→ Exercise directions
Nothing but the pictures may be dropped; the rest of the listing is to be written out exactly.

── The data ──

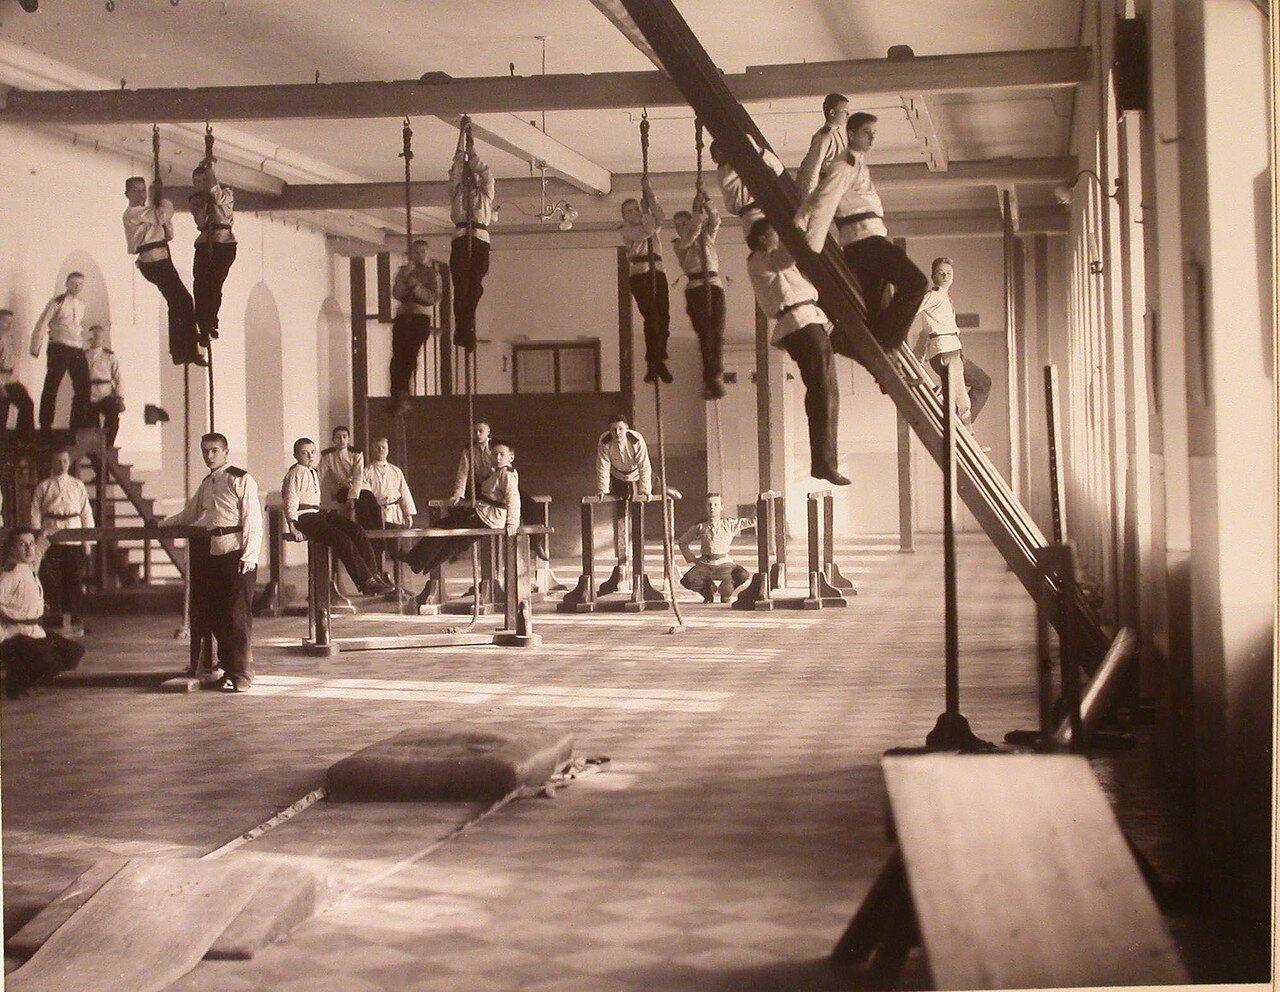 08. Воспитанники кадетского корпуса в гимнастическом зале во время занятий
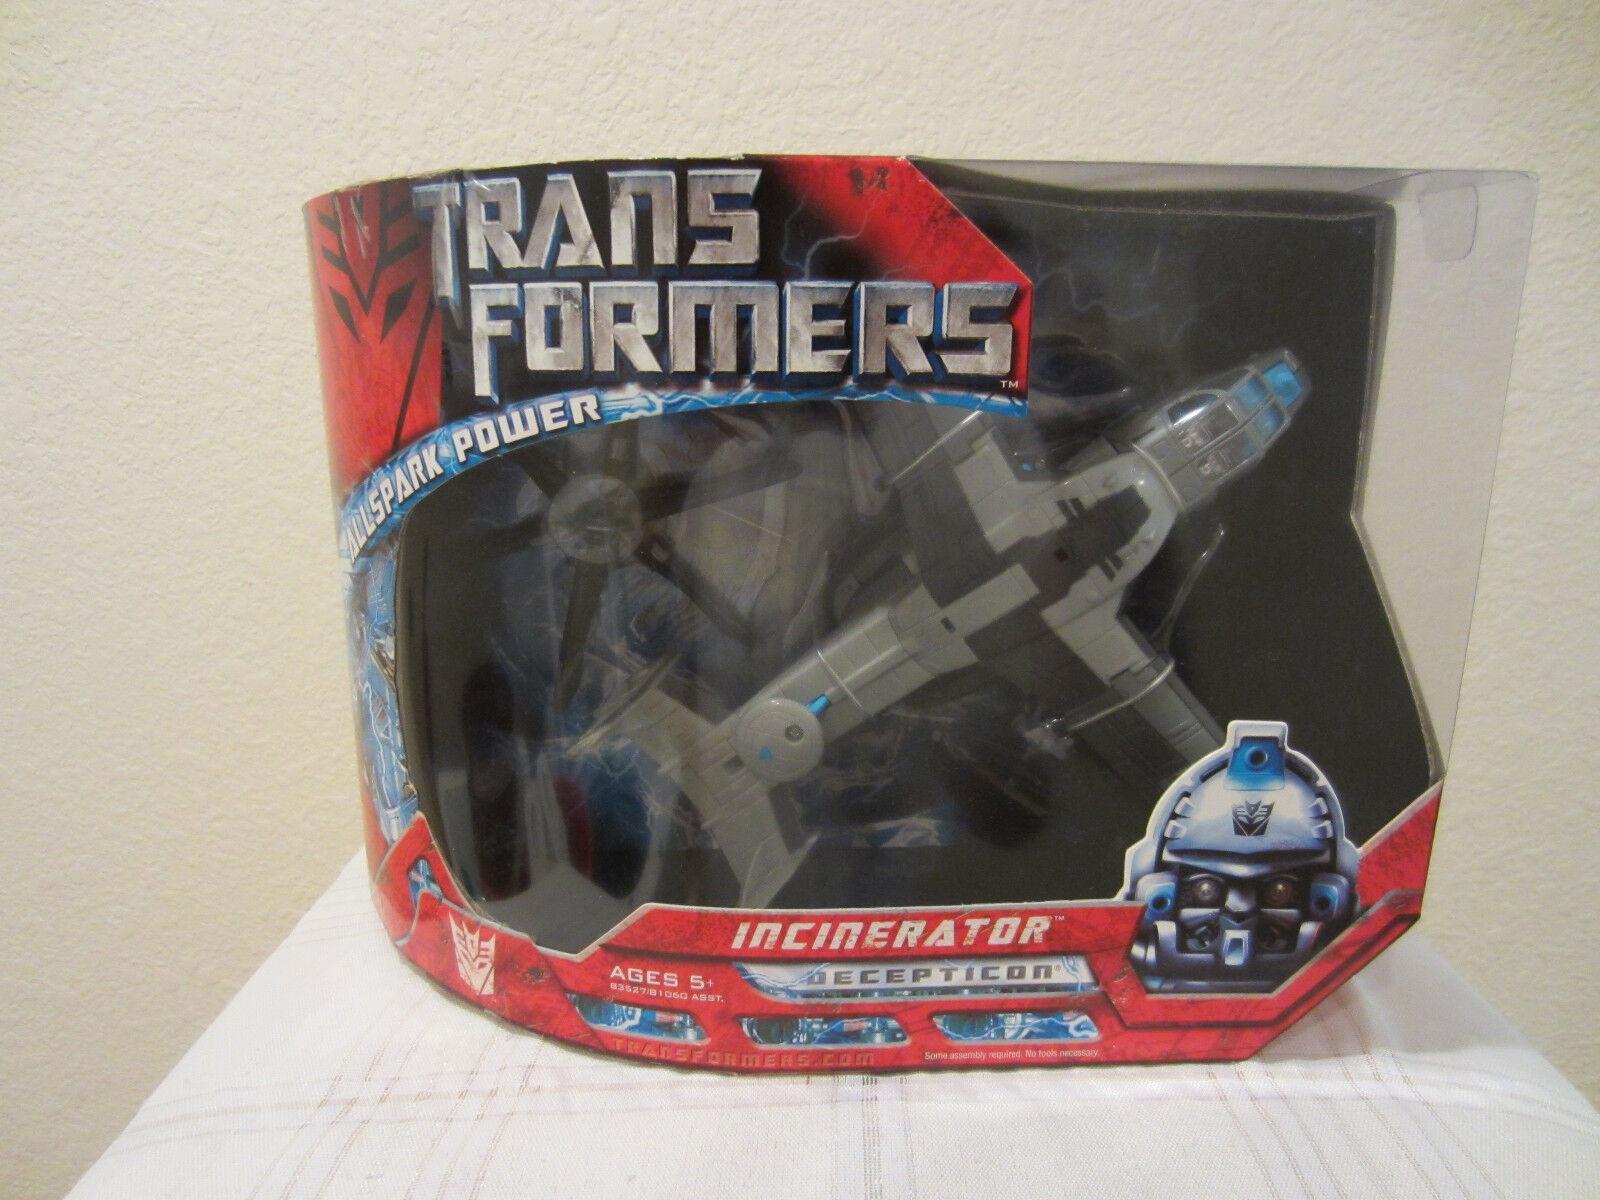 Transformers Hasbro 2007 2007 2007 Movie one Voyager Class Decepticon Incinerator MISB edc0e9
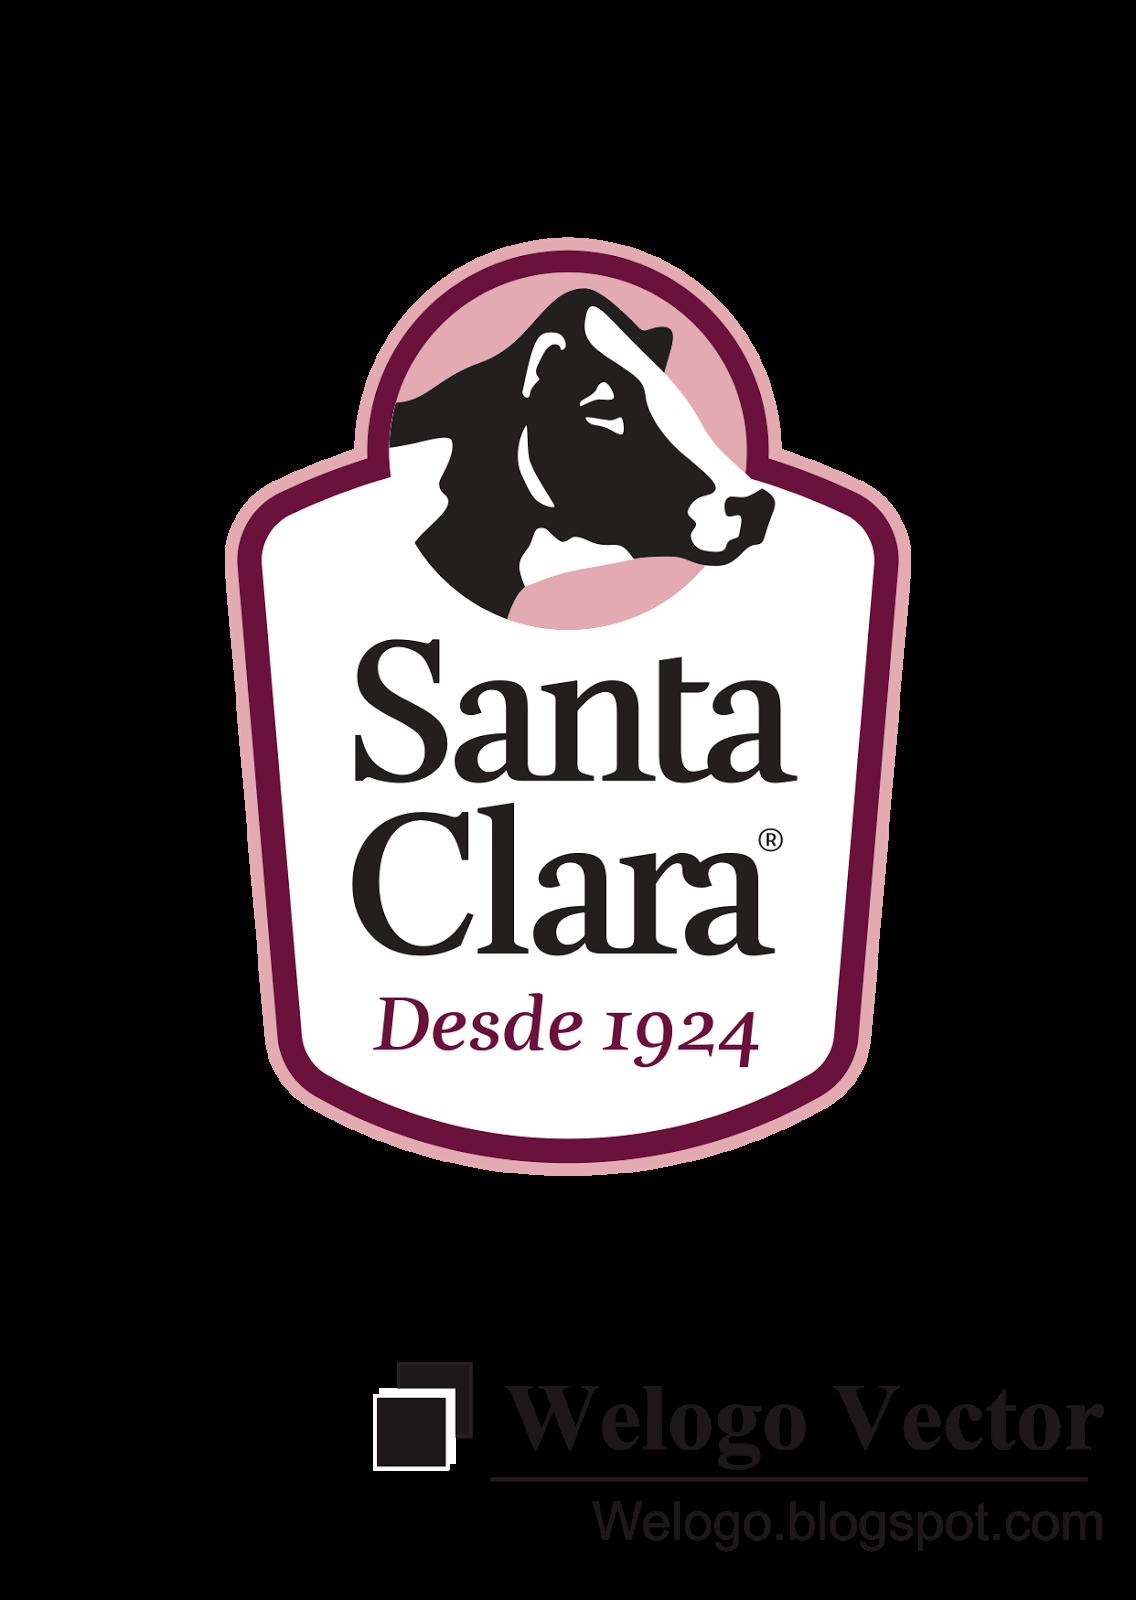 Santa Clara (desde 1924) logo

───

→ Solution to the problem
 08. Воспитанники кадетского корпуса в гимнастическом зале во время занятий
 Transformers Hasbro 2007 2007 2007 Movie one Voyager Class Decepticon Incinerator MISB edc0e9
 Santa Clara (desde 1924) logo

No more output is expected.